══ RECORDED INFORMATION ══

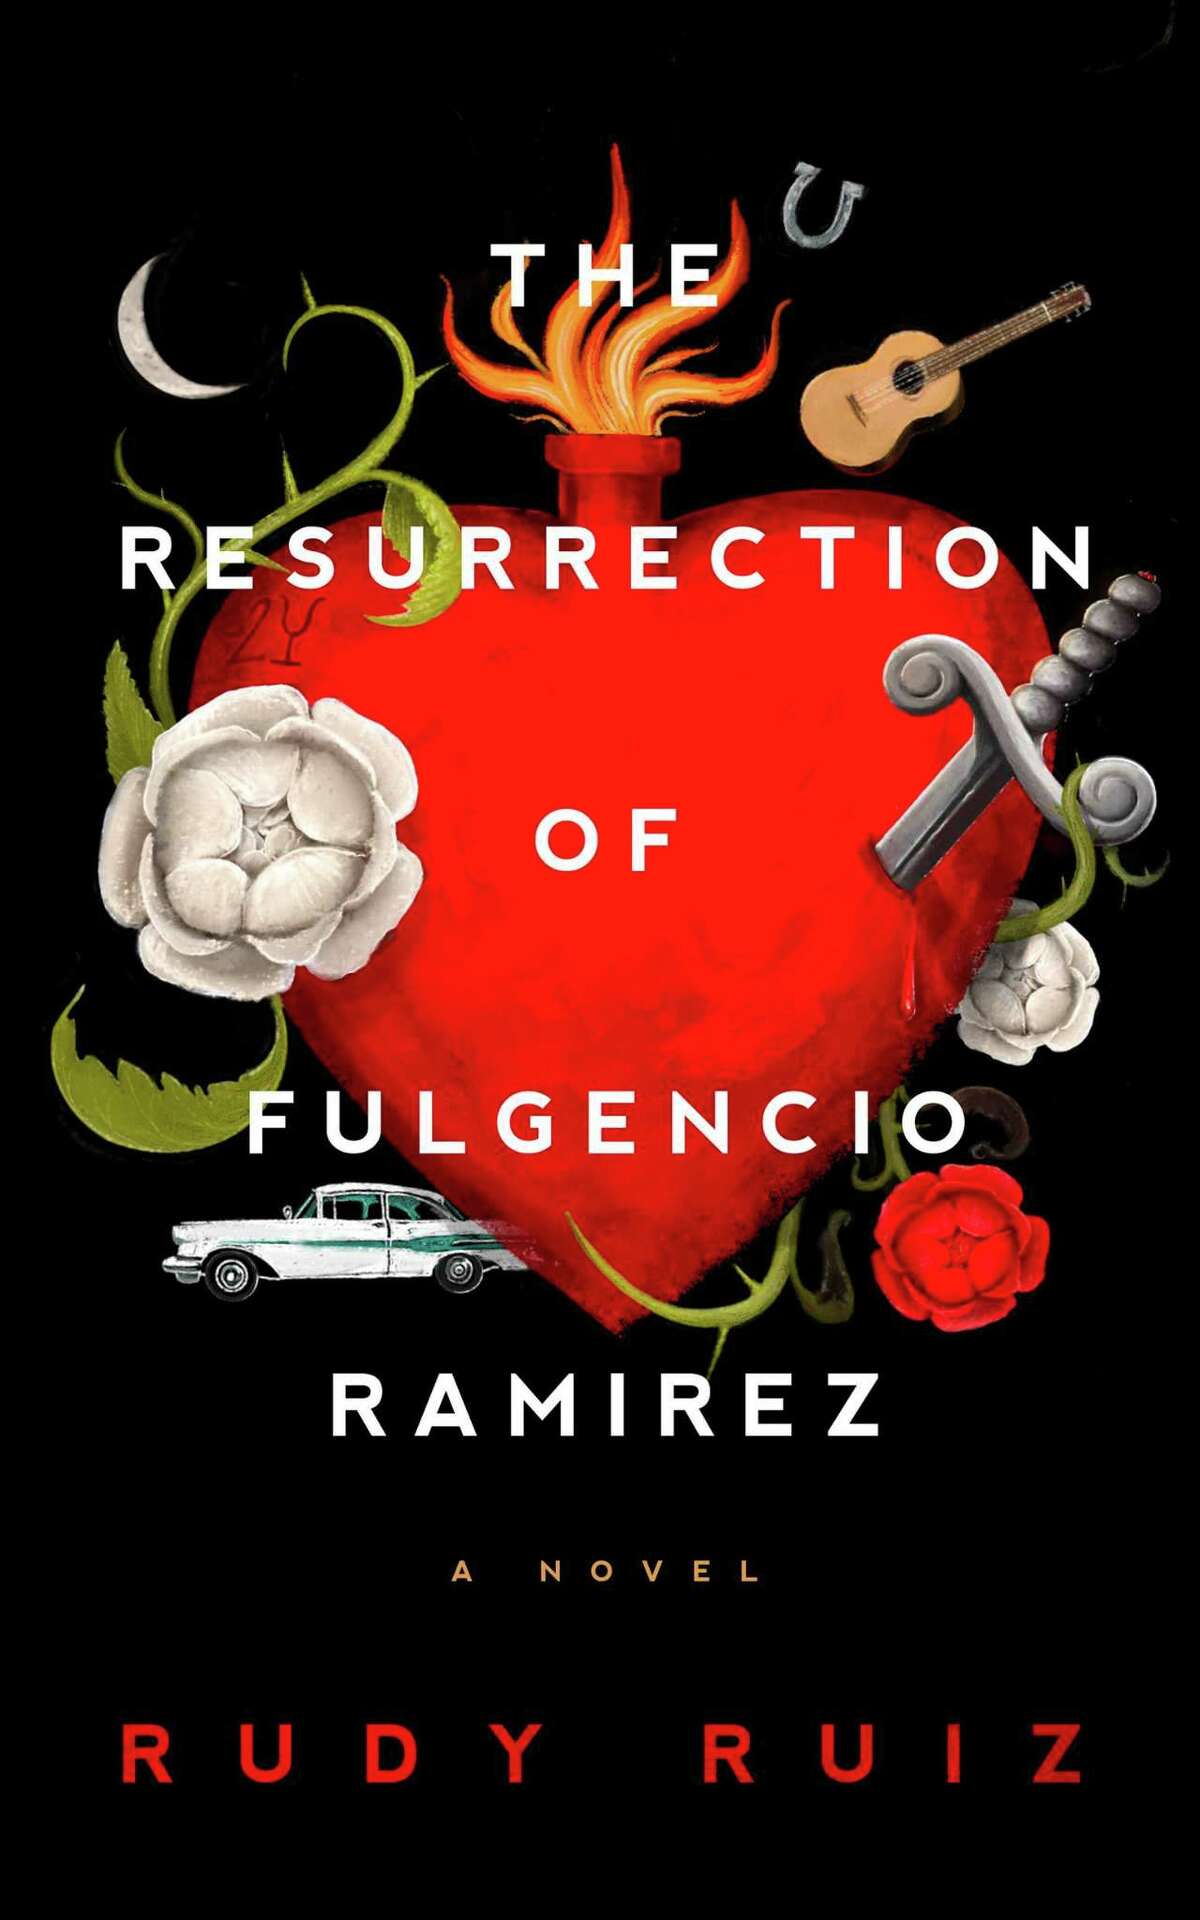 “The Resurrection of Fulgencio Ramirez” by Rudy Ruiz
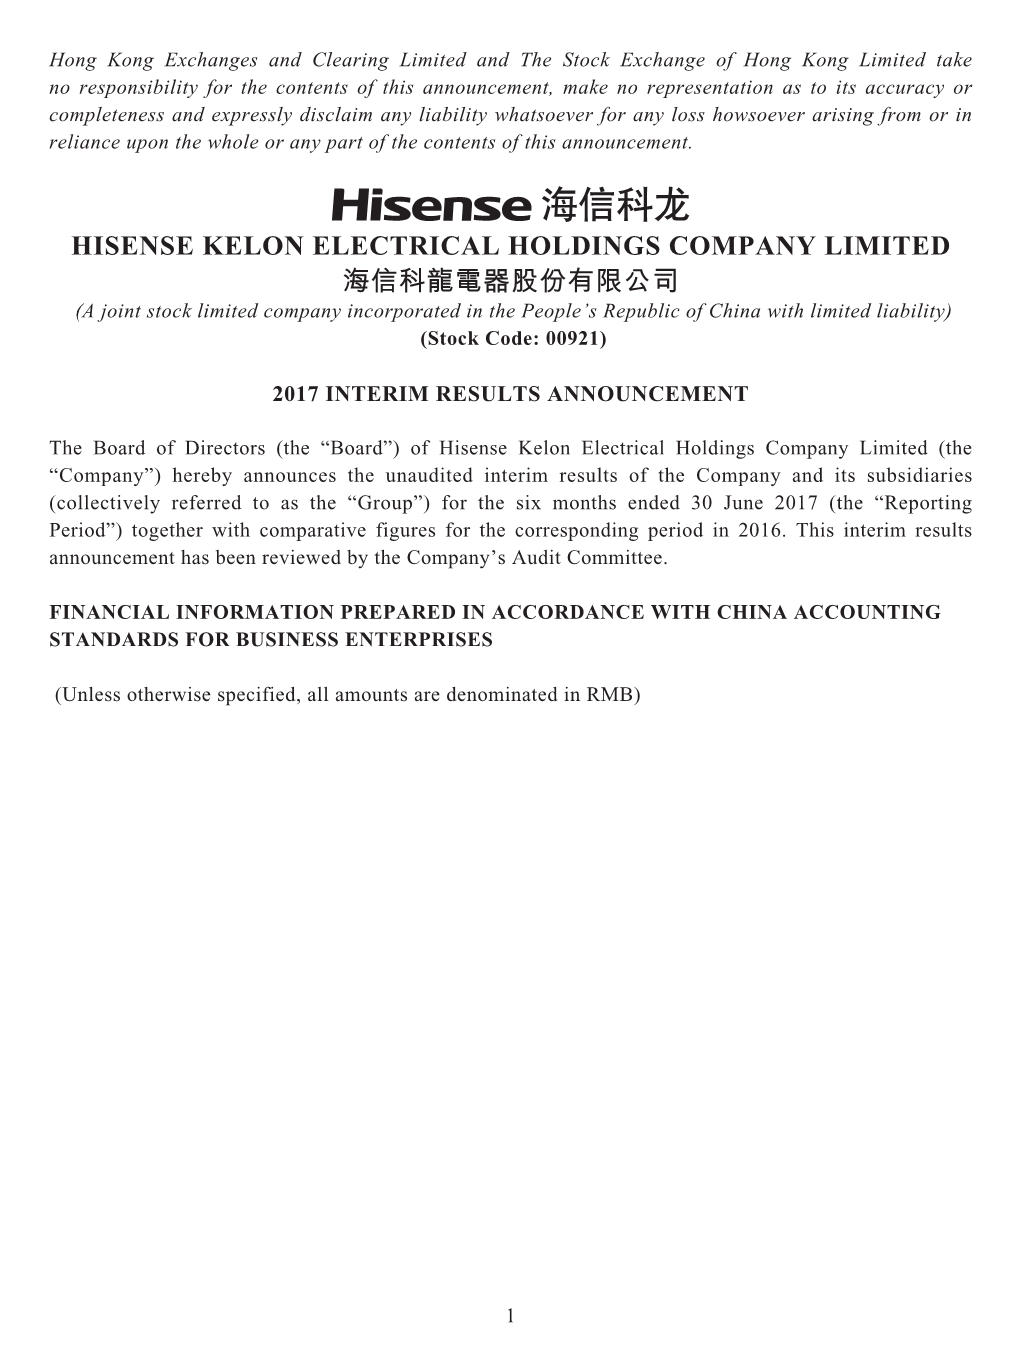 Hisense Kelon Electrical Holdings Company Limited
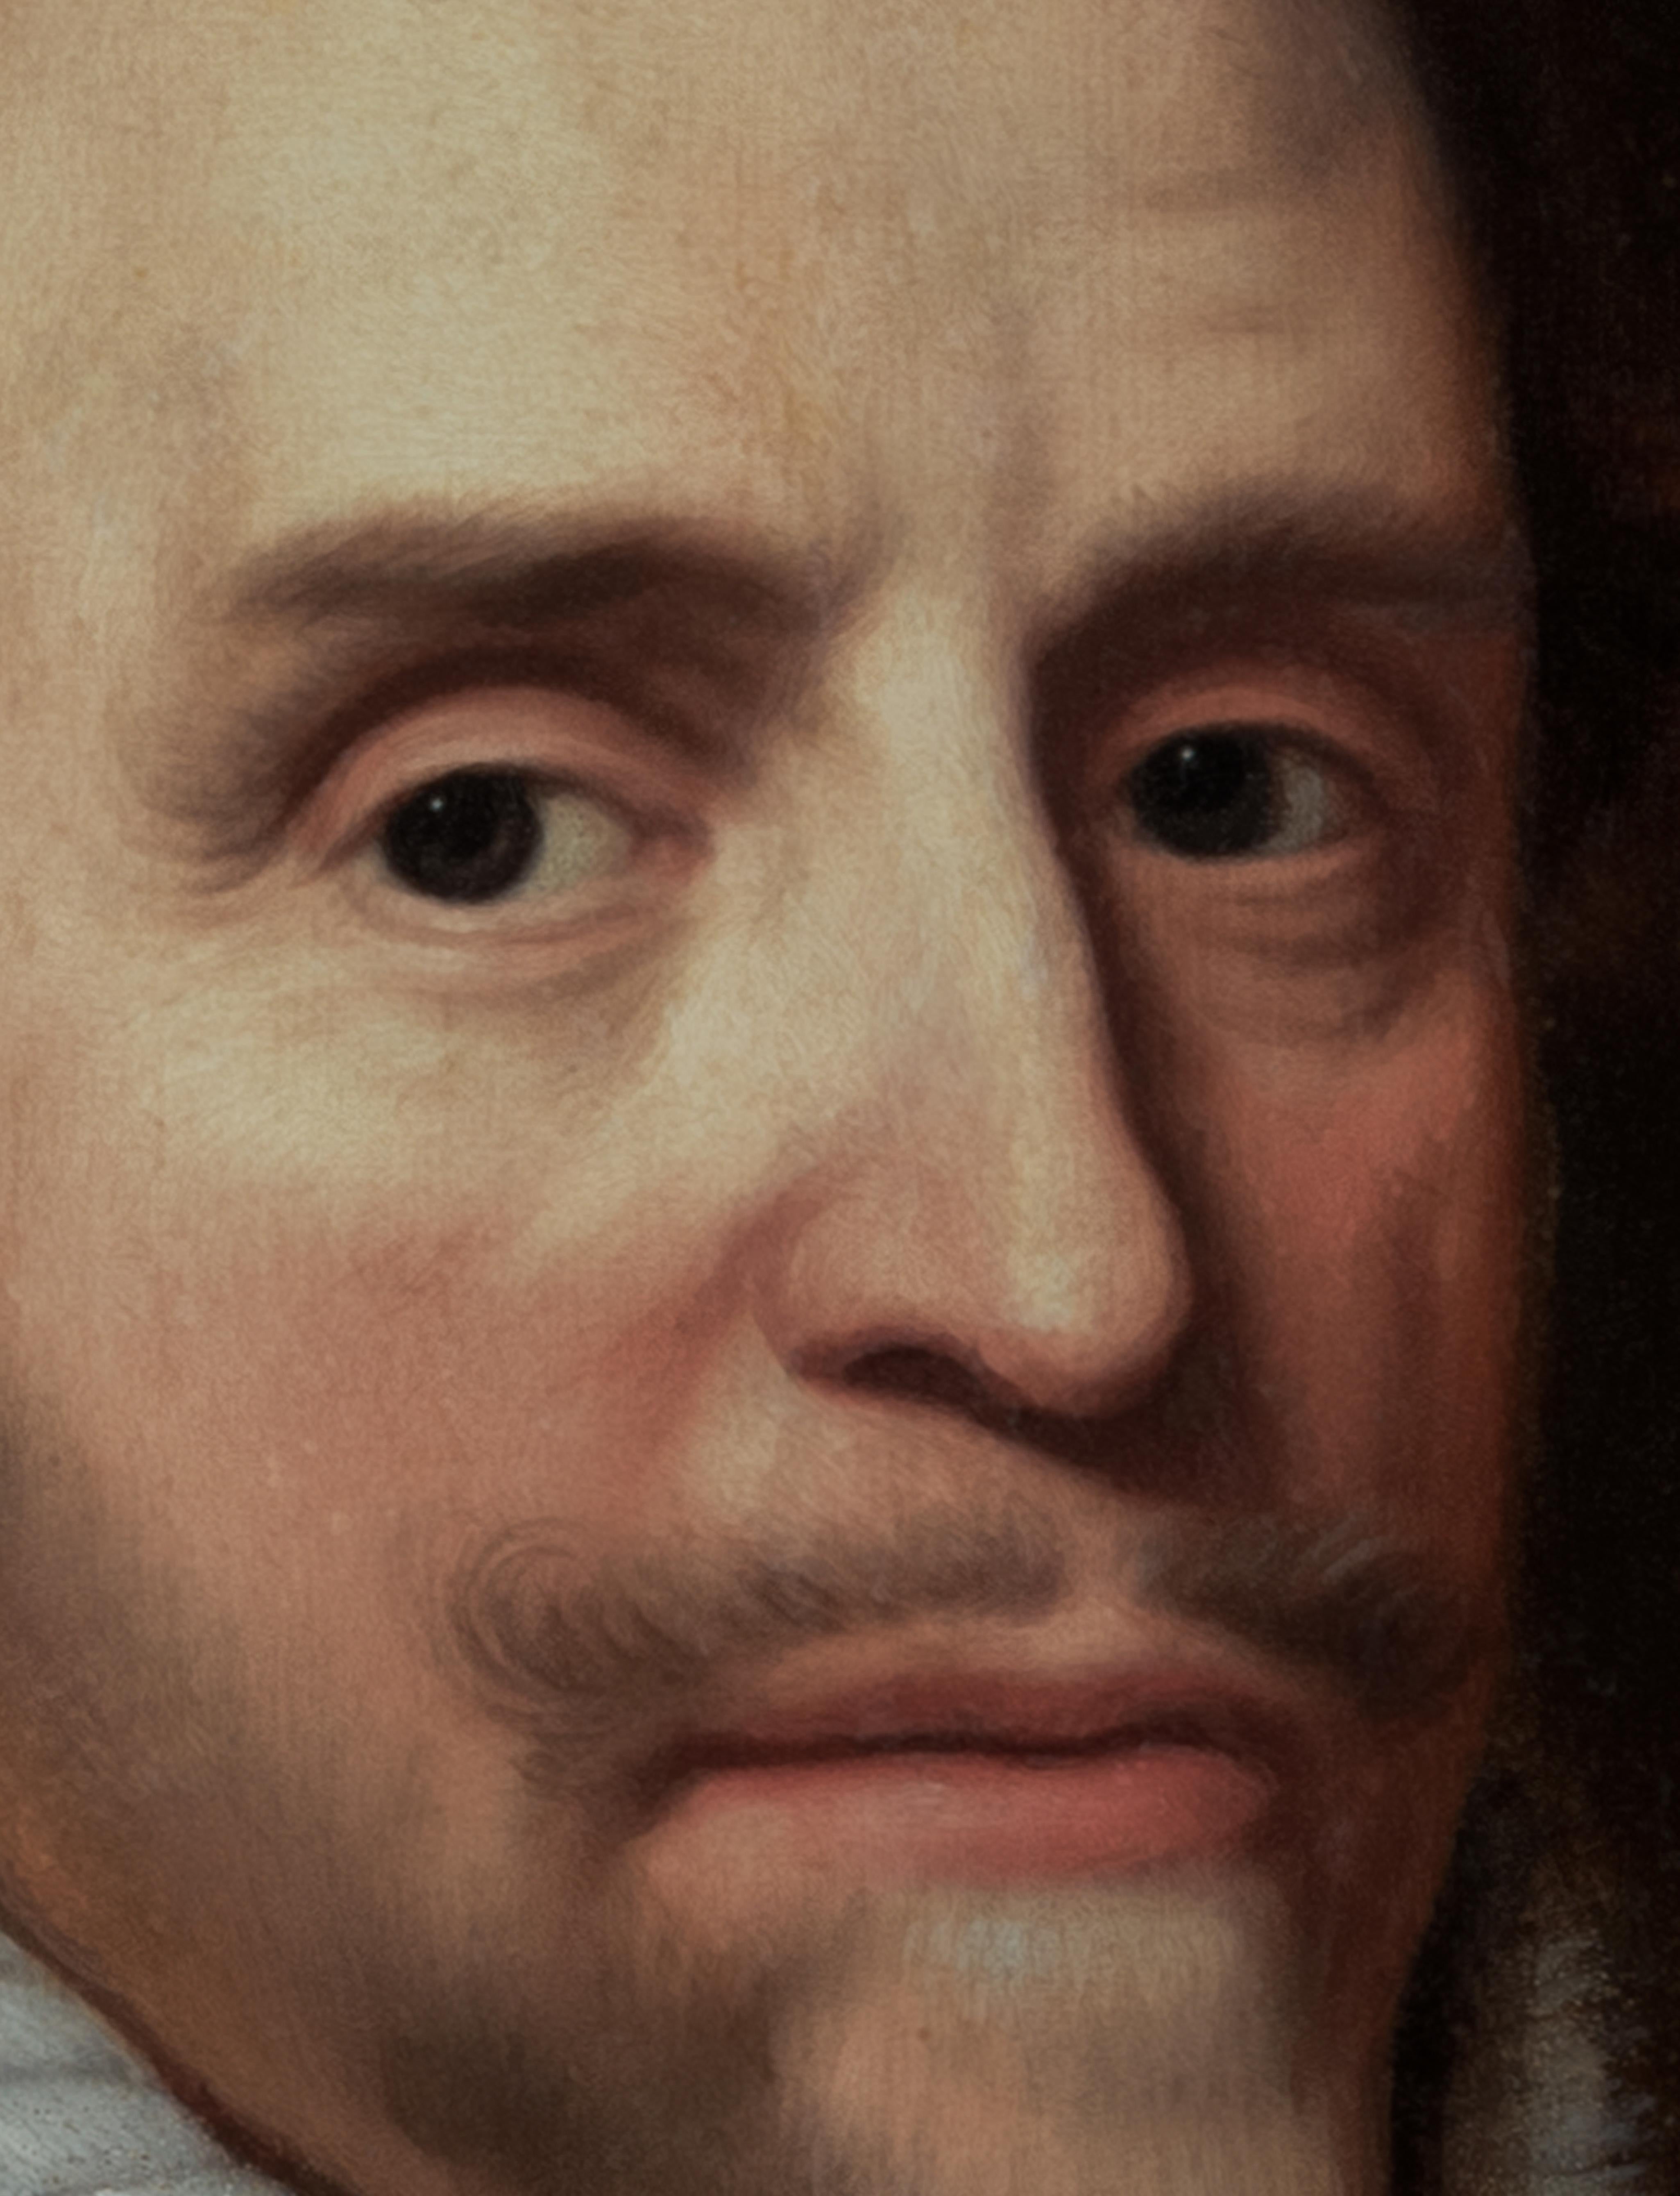 Dutch Old Master Portrait of Maurits, Prince of Orange-Nassau, Oil on Panel  For Sale 2

═══

> **THE TASK**: Would you set down each line of the data exactly, with no images included?

> **RESULT OF THIS EXERCISE**:
 “The Resurrection of Fulgencio Ramirez” by Rudy Ruiz
 Hisense Kelon Electrical Holdings Company Limited
 Dutch Old Master Portrait of Maurits, Prince of Orange-Nassau, Oil on Panel  For Sale 2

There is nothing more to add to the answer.